Aligned matrices promote myofibril organization and improve tissue function. (a) Confocal fluorescent images of iPSC-CMs seeded on aligned (2100 rpm), intermediate (1100 rpm), and random (100 rpm). (b) Quantification of sarcomere alignment deviation. (c) Peak-to-peak and (d) correlation coefficient irregularity, as calculated from calcium flux data. (e) Individual calcium fluxes were analyzed to determine flux rise time, decay time, and peak full width half max. All data presented as mean ± std; n ≥ 12 fields of view across 3 tissues; * p < 0.05.

Fig. 5

iPSC-CMs on soft, DVS fibers exhibit improved calcium handling. (a) Confocal fluorescent images of iPSC-CMs seeded on aligned matrices composed of DVS fibers of differing stiffnesses by tuning photoinitiated crosslinking via photoinitiator (LAP) concentration. (b) Quantification of sarcomere alignment deviation. (c) Correlation coefficient and (d) peak-to-peak irregularity, as calculated from calcium flux data. (e) Individual calcium fluxes were analyzed to determine flux rise time, decay time, and peak full width half max.

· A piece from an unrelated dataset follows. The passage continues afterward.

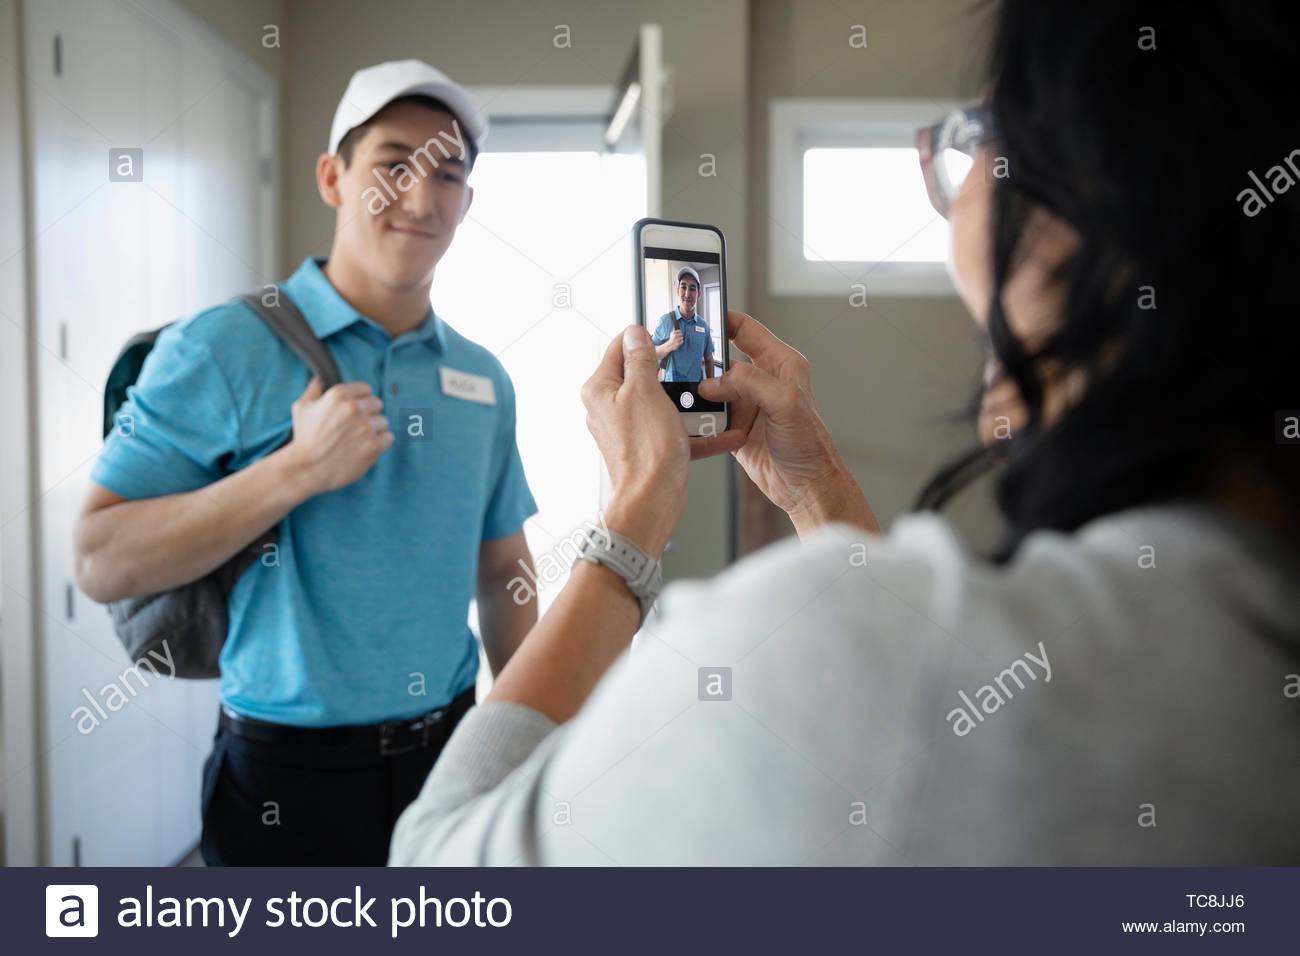 Madre orgullosa con cámara teléfono fotografiar hijo adolescente en uniforme de trabajo Imagen De Stock
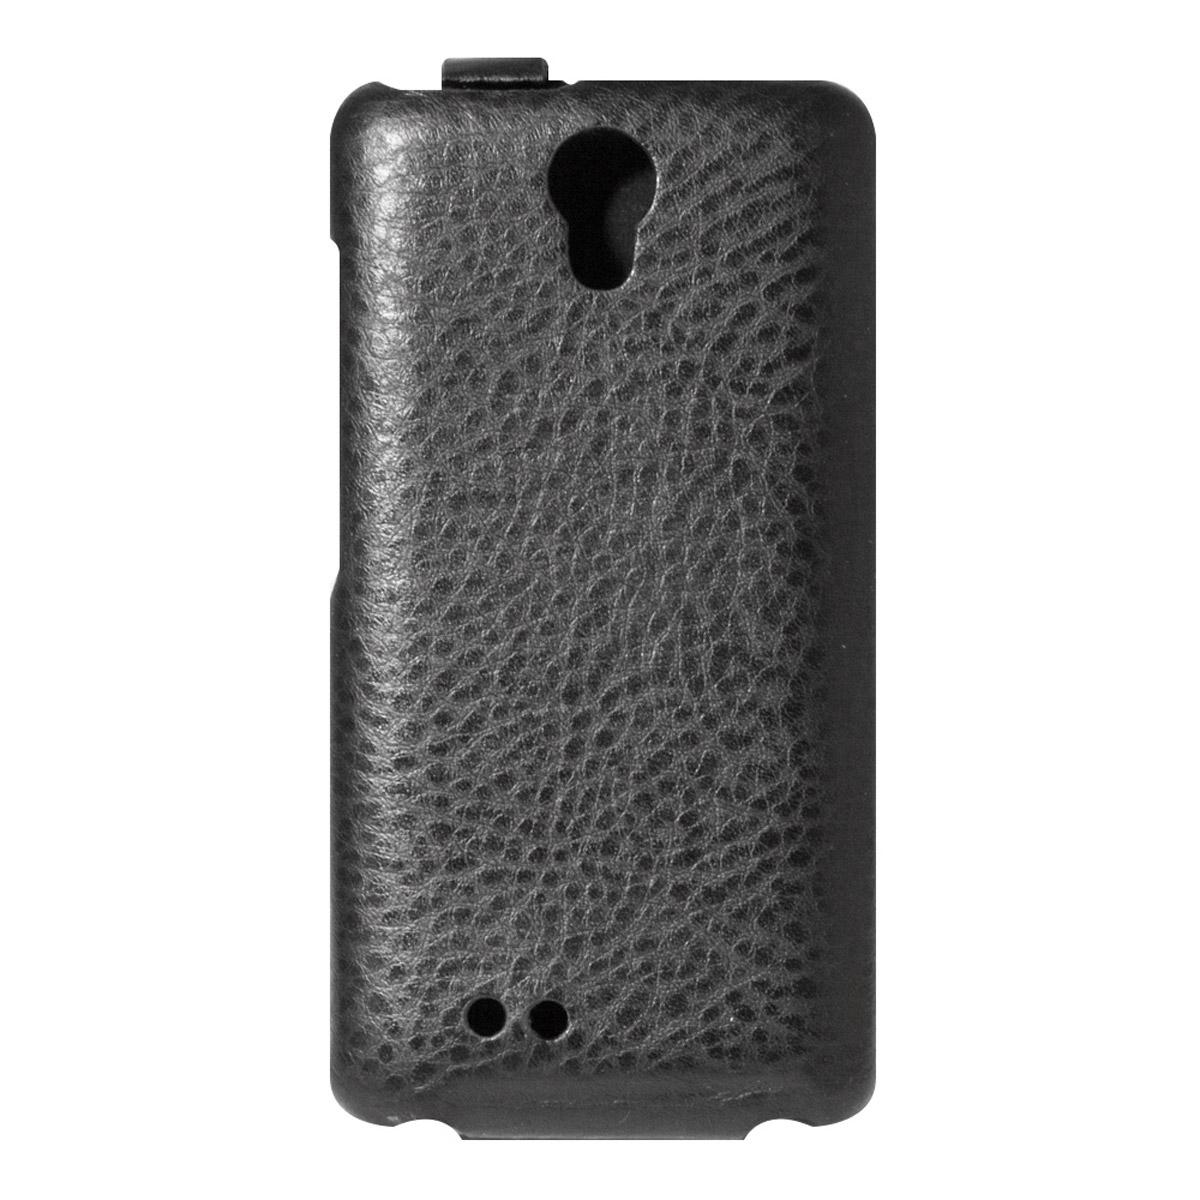 Highscreen чехол для Easy F/Pro, Black23439Чехол с откидной крышкой Highscreen для Easy F/Pro надежно защищает ваш смартфон от внешних воздействий, грязи, пыли, брызг. Он также поможет при ударах и падениях, не позволив образоваться на корпусе царапинам и потертостям. Чехол обеспечивает свободный доступ ко всем функциональным кнопкам смартфона и камере.

All data presented as mean ± std; n ≥ 12 fields of view across 3 tissues; * p < 0.05.

Fig. 6

Fibrous DVS matrices promote increased tissue function and organization and allow for long-term culture of confluent iPSC-CMs. (a) Confocal fluorescent images of iPSC-CMs seeded on fibronectin-coated glass, microcontact printed fibronectin lines, and aligned DVS fibers modified with adhesive fibronectin after 7 days in culture. Red arrows indicate areas of N-cadherin localization at end-end cell junctions. (b) Quantification of sarcomere angle deviation across all substrates. (c) Calcium handling quantifications of peak-to-peak irregularity, (d) contraction correlation coefficient, and (e) flux rise time, decay time, and full width half max. (f) Survival of cultures over time on various substrates. All data presented as mean ± std; n ≥ 12 fields of view across 3 tissues; * p < 0.05.

Fig. 7

Aligned fibrous matrices induce myofibril organization and improve tissue function. Confocal fluorescent images of iPSC-CMs seeded on DVS cultured for 7, 14, and 28 days with immunostaining for (a) N-cadherin and (c) connexin43. Red arrows indicate localization of N-cadherin at end-to-end cell–cell junctions. (b) Quantification of sarcomere angle deviation over time. (d) Quantification of connexin43 expression over time. (e) Calcium handling quantifications of peak-to-peak irregularity, (f) contraction correlation coefficient, and (g) flux rise time, decay time, and full width half max. All data presented as mean ± std; n ≥ 12 fields of view across 3 tissues; * p < 0.05.